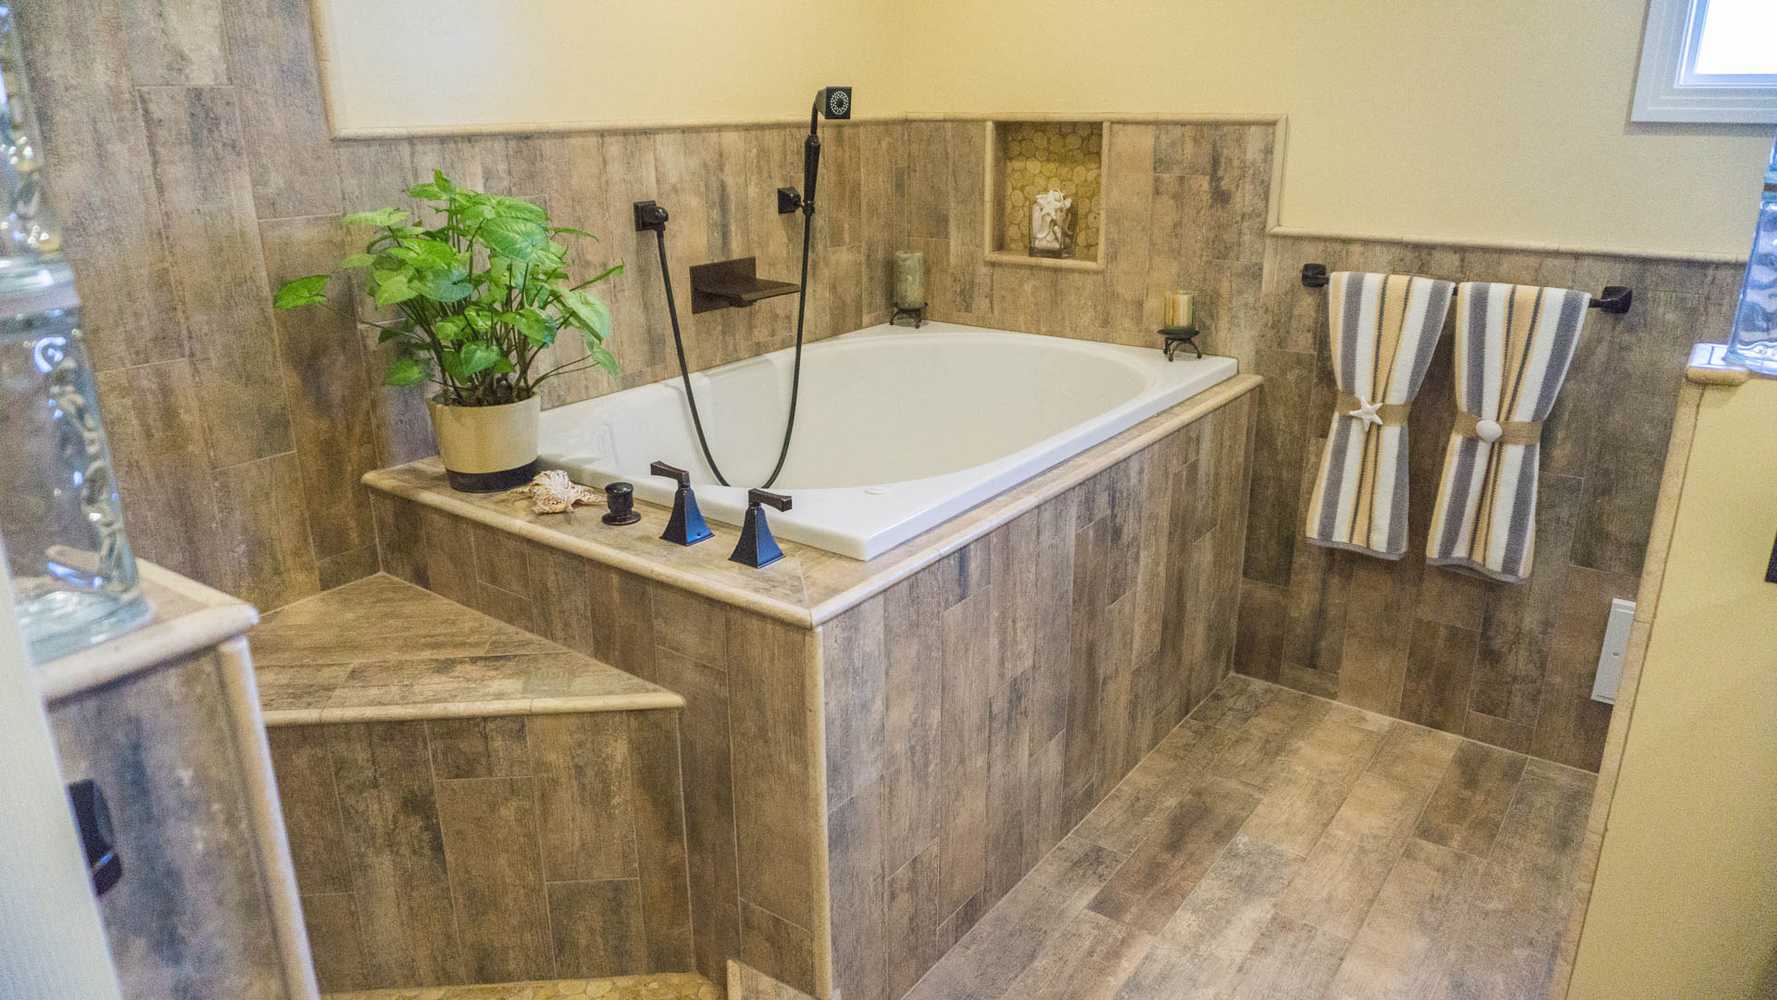 2014: Earthy Wood & Glass Master Bath
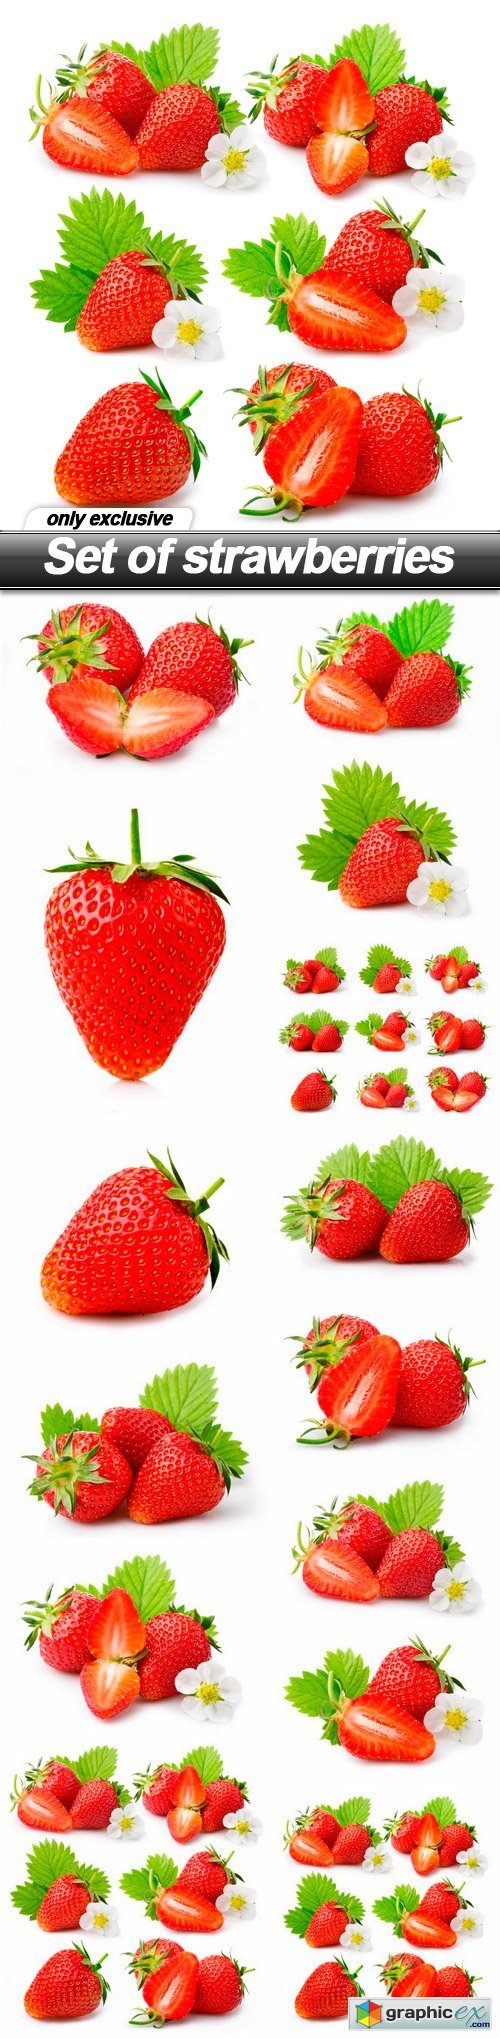 Set of strawberries - 14 UHQ JPEG
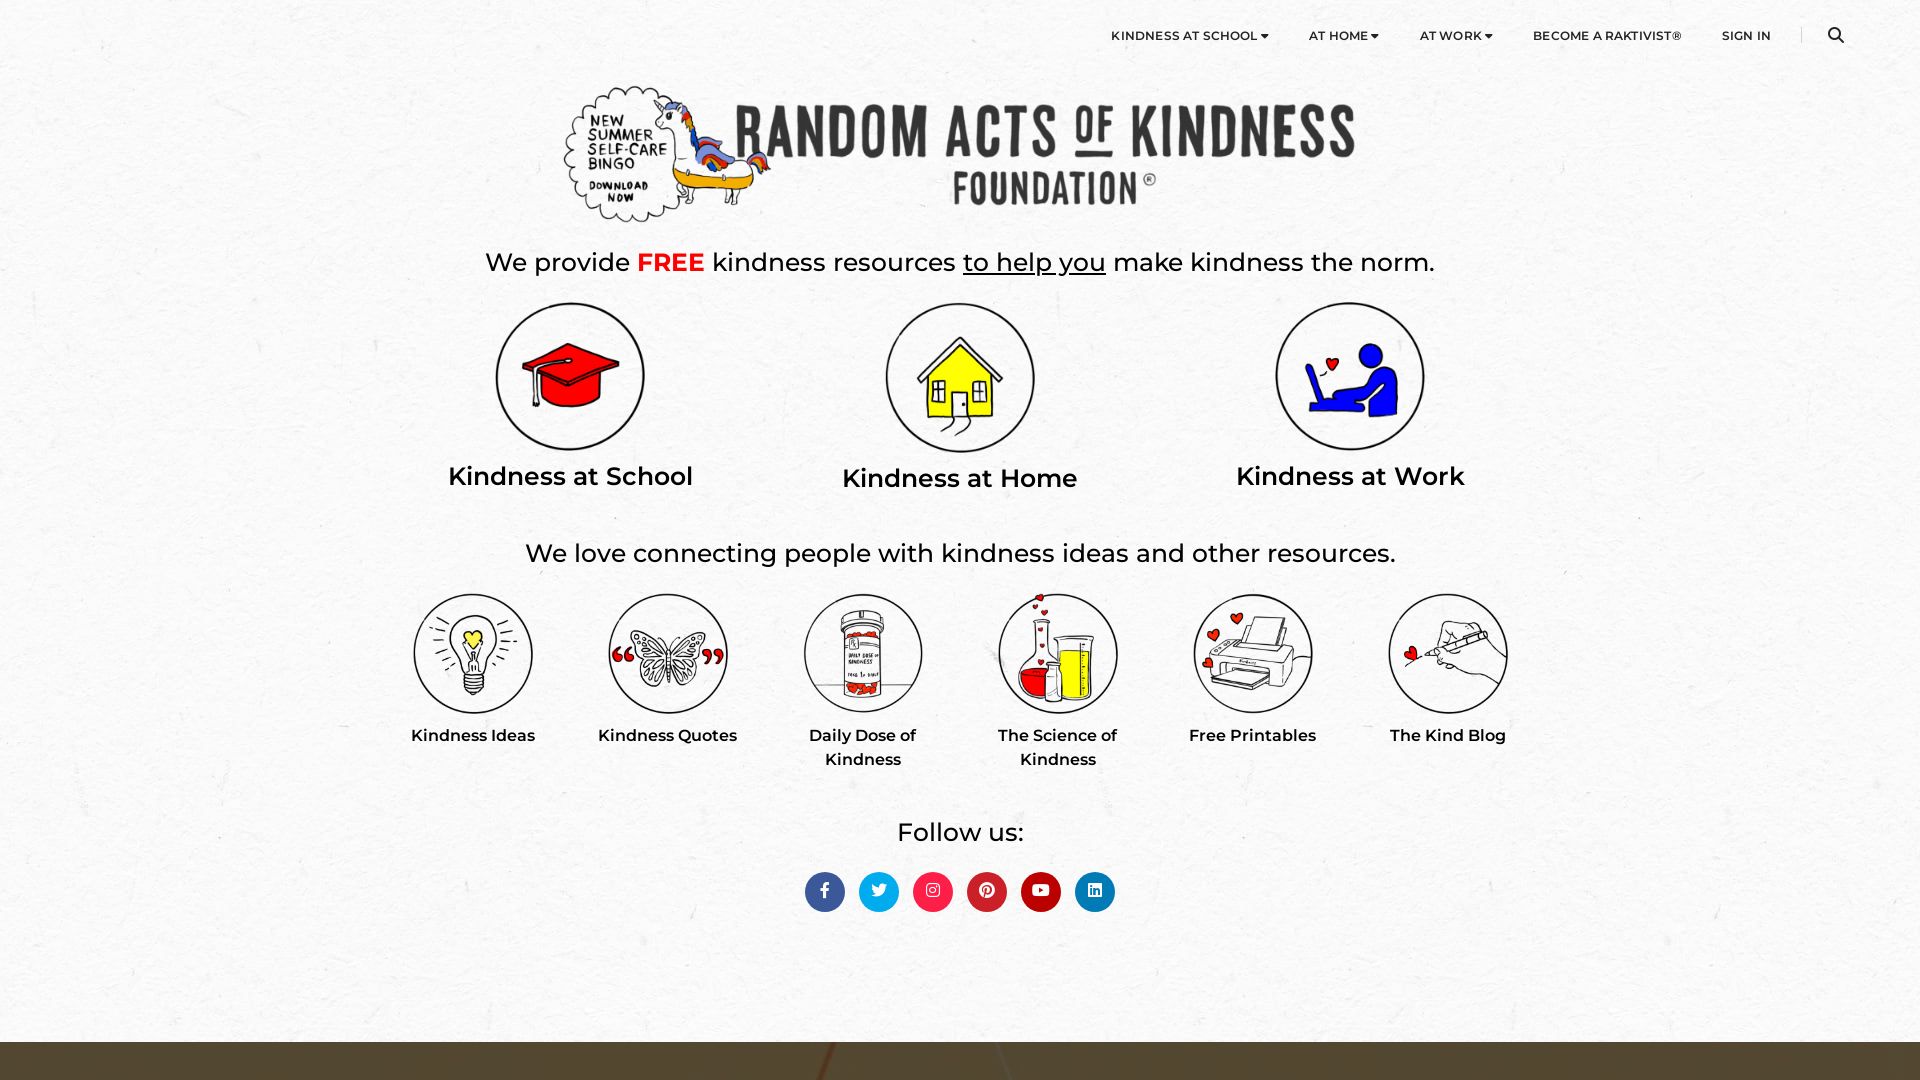 État du site web randomactsofkindness.org est   EN LIGNE
###
Exercise objective:
What is needed is every line of the data above, set down exactly but with the images left out.

Completed task:
 2014: Earthy Wood & Glass Master Bath
 Set of strawberries - 14 UHQ JPEG
 État du site web randomactsofkindness.org est   EN LIGNE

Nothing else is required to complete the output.